桑南枝望着满地零乱的银钱 —— 有磨边的铜钱、成色不足的碎银,还有几枚刻着蟒纹的银角子滚在槐花瓣里。

她想起白日里匕首划破面案的声响,忽然觉得指尖发颤。

胖婶丈夫趁机往前蹭了蹭,布包几乎碰到她的裙摆:"桑姑娘,您就当可怜我们……我那口子她也是看您生意太好……"

"生意好?"

桑南枝猛地抬头,烛火晃得她眼睛发疼,"做生意本就是公平竞争,哪有看人生意好就拉人砸摊的道理?"

"这钱,我不收。"

胖婶丈夫惊得张大嘴,地痞家属们也面面相觑。

桑南枝却转向带疤的妇人,从她竹篮里取出那五钱银子。

"砸了摊子,该赔。"

她又拿起婴孩母亲面前的三枚银角子,"但耕牛和襁褓不能动。"

黄寡妇在旁叹气。

"姑娘心善。"

地痞家属们千恩万谢地退去时,老槐树突然簌簌落了满院白花。

桑南枝望着墙头上重新出现的玄色衣角,扬声道:"萧大哥,够了。"

巷口的更漏敲了四下,墙后传来布料摩擦的声响。

桑南枝低头看见脚边多了片槐叶,叶尖用银线系着枚锃亮的银锭,正是北镇抚司俸禄的形制。

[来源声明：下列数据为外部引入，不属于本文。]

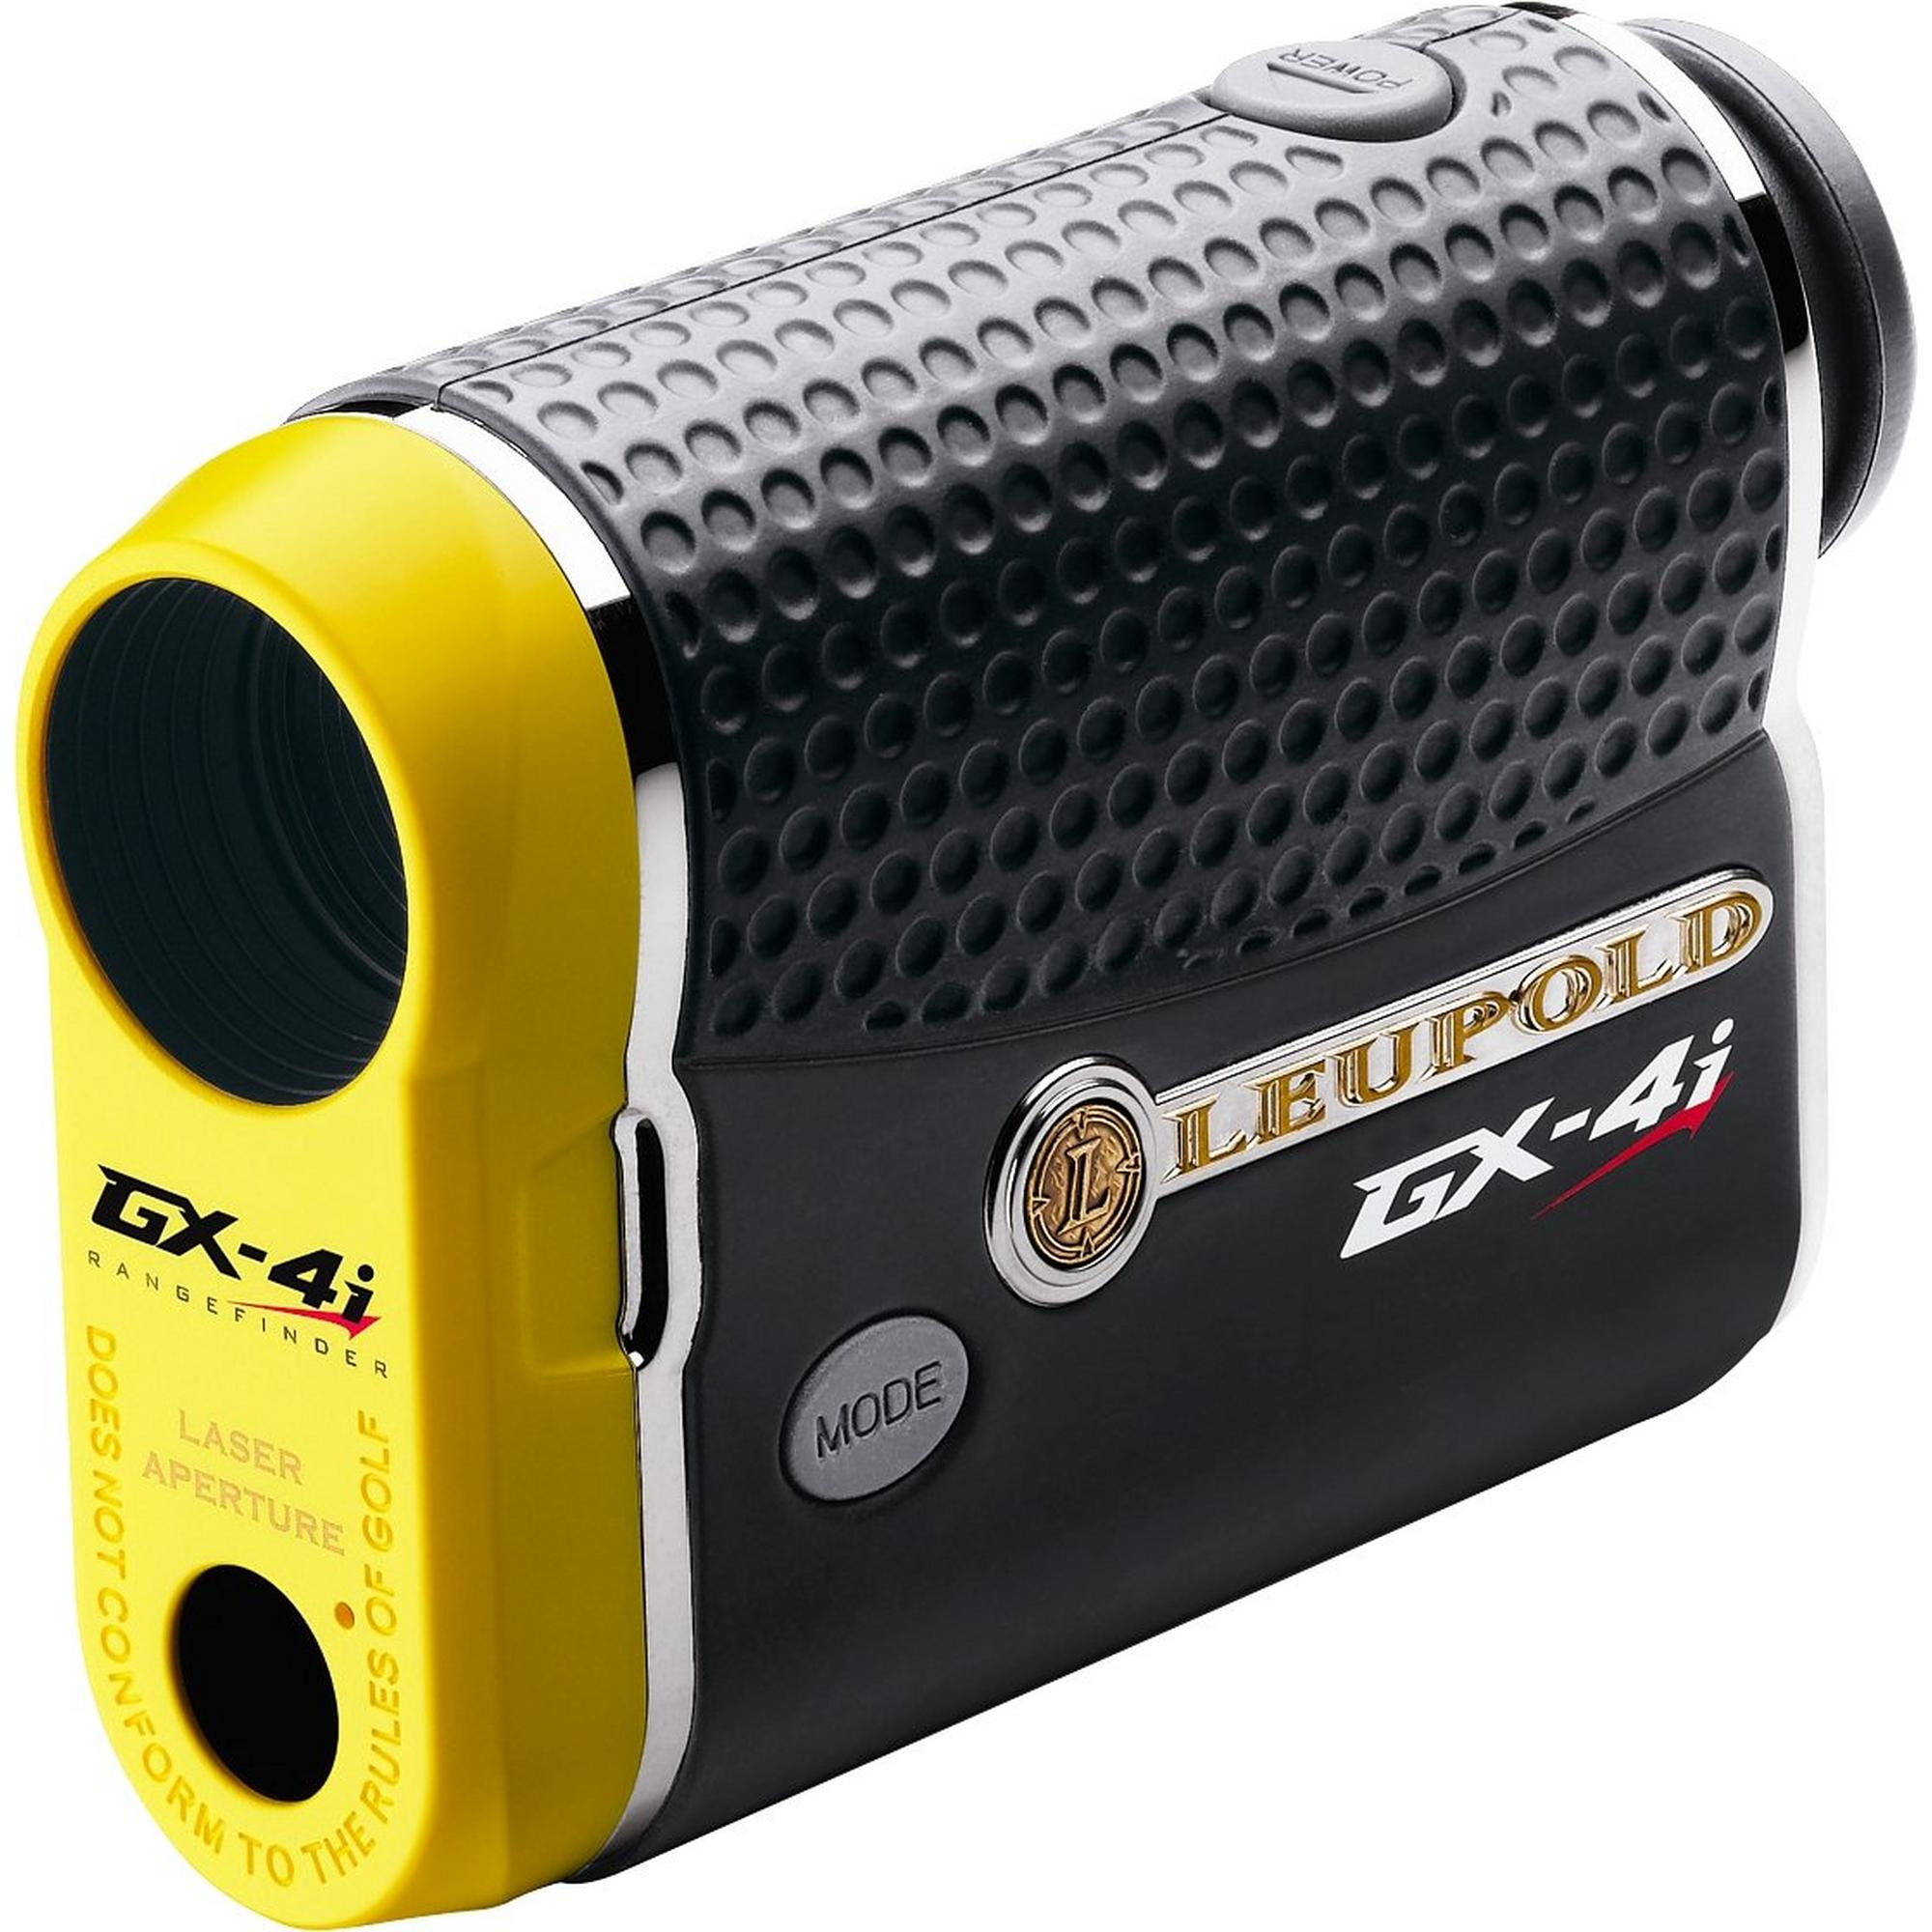 Télémètre laser GX-4i

她攥着银锭,忽然听见墙外传来极轻的脚步声,绣春刀铁链的轻响在巷子里绕了三圈,才渐渐远去。

屋内烛火摇曳,桑南枝将银锭和地痞们的赔偿放进陶罐,却把胖婶家的碎银推回给黄寡妇:"把这些钱换成面粉,给牢里的人送些去吧。" 

她望着窗外晃动的槐影,想起白日里萧鹤川说 "朝廷律法森严" 时,眼里不自觉的露出一丝惶恐。

这北镇抚司的手段,也太吓人了些。

黄寡妇见人都走了,赶紧拉着桑南枝的胳膊往屋里拽:“快进屋歇着,你这伤可经不起折腾。”

桑南枝却站在原地没动,望着巷口消失的人影,满脸疑惑:“婶子,这北镇抚司到底是什么来头?怎么把他们吓成这副模样?”

“北镇抚司你都不知道??”

黄寡妇闻言,警惕地看了看四周,压低声音把桑南枝拉进屋里,关上房门才开口:“姑娘,你初来乍到不知深浅,这北镇抚司可厉害着呢!”